That is pretty tasty...

>> Also curious on liburing regression
>> tests, would be nice to see as it helps with review.
> 
> It isn't easy since it requires ublk device so far, it looks like
> read to/write from one device buffer.

It can't be tested without ublk itself? Surely the two new added ops can
have separate test cases?
Stefan Hajnoczi Feb. 14, 2023, 4:36 p.m.

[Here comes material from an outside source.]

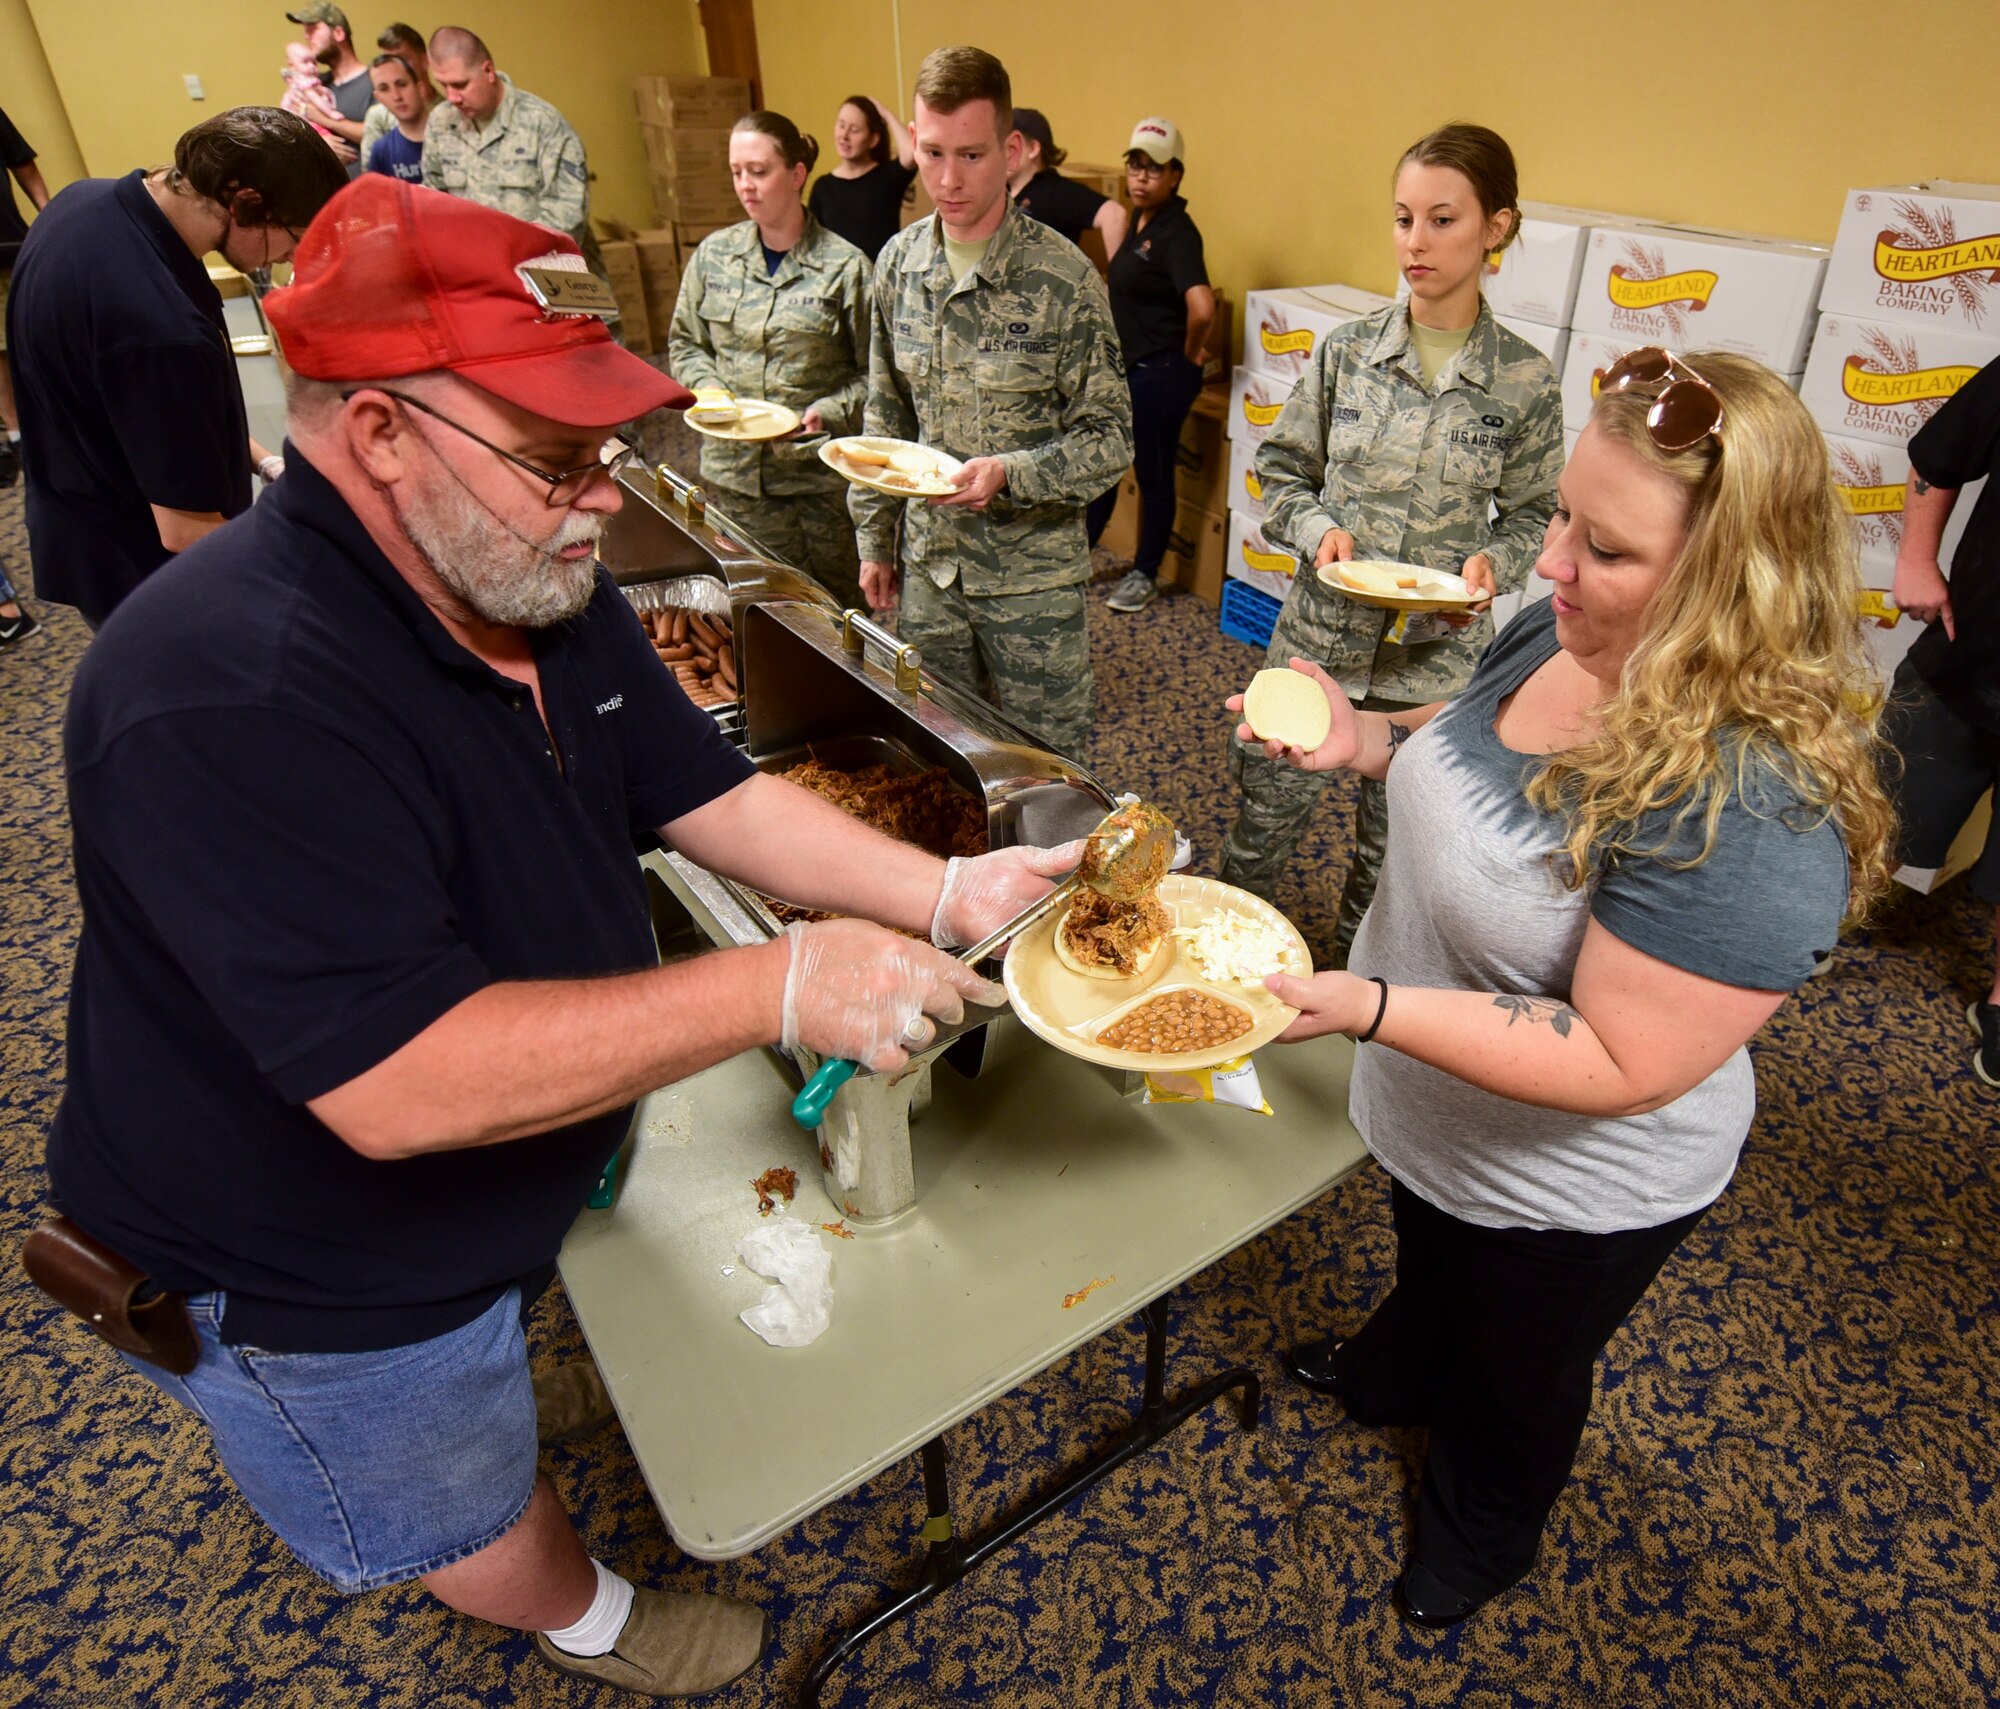 Airmen and their families go through a line to get a free barbeque lunch during the annual base picnic inside the Dakota’s Club on Ellsworth Air Force Base, S.D., June 22, 2018. The lunch was sponsored by local businesses and organizations. (U.S. Air Force photo by Senior Airman Randahl J. Jenson)

UTC | #5
On Fri, Feb 10, 2023 at 11:32:08PM +0800, Ming Lei wrote:
> Hello,
> 
> Add two OPs which buffer is retrieved via kernel splice for supporting
> fuse/ublk zero copy.
> 
> The 1st patch enhances direct pipe & splice for moving pages in kernel,
> so that the two added OPs won't be misused, and avoid potential security
> hole.
> 
> The 2nd patch allows splice_direct_to_actor() caller to ignore signal
> if the actor won't block and can be done in bound time.
> 
> The 3rd patch add the two OPs.
> 
> The 4th patch implements ublk's ->splice_read() for supporting
> zero copy.
> 
> ublksrv(userspace):
> 
> https://github.com/ming1/ubdsrv/commits/io_uring_splice_buf
>     
> So far, only loop/null target implements zero copy in above branch:
>     
> 	ublk add -t loop -f $file -z
> 	ublk add -t none -z
> 
> Basic FS/IO function is verified, mount/kernel building & fio
> works fine, and big chunk IO(BS: 64k/512k) performance gets improved
> obviously.
>  
> Any comment is welcome!

I'm not familiar enough with the splice implementation to review these
patches, but the performance numbers you posted look great. This could
be very nice for ublk and FUSE servers!

Thanks,
Stefan

> Ming Lei (4):
>   fs/splice: enhance direct pipe & splice for moving pages in kernel
>   fs/splice: allow to ignore signal in __splice_from_pipe
>   io_uring: add IORING_OP_READ[WRITE]_SPLICE_BUF
>   ublk_drv: support splice based read/write zero copy
> 
>  drivers/block/ublk_drv.c      | 169 +++++++++++++++++++++++++++++++--
>  fs/splice.c                   |  19 +++-
>  include/linux/pipe_fs_i.h     |  10 ++
>  include/linux/splice.h        |  23 +++++
>  include/uapi/linux/io_uring.h |   2 +
>  include/uapi/linux/ublk_cmd.h |  31 +++++-
>  io_uring/opdef.c              |  37 ++++++++
>  io_uring/rw.c                 | 174 +++++++++++++++++++++++++++++++++-
>  io_uring/rw.h                 |   1 +
>  9 files changed, 456 insertions(+), 10 deletions(-)
> 
> -- 
> 2.31.1
>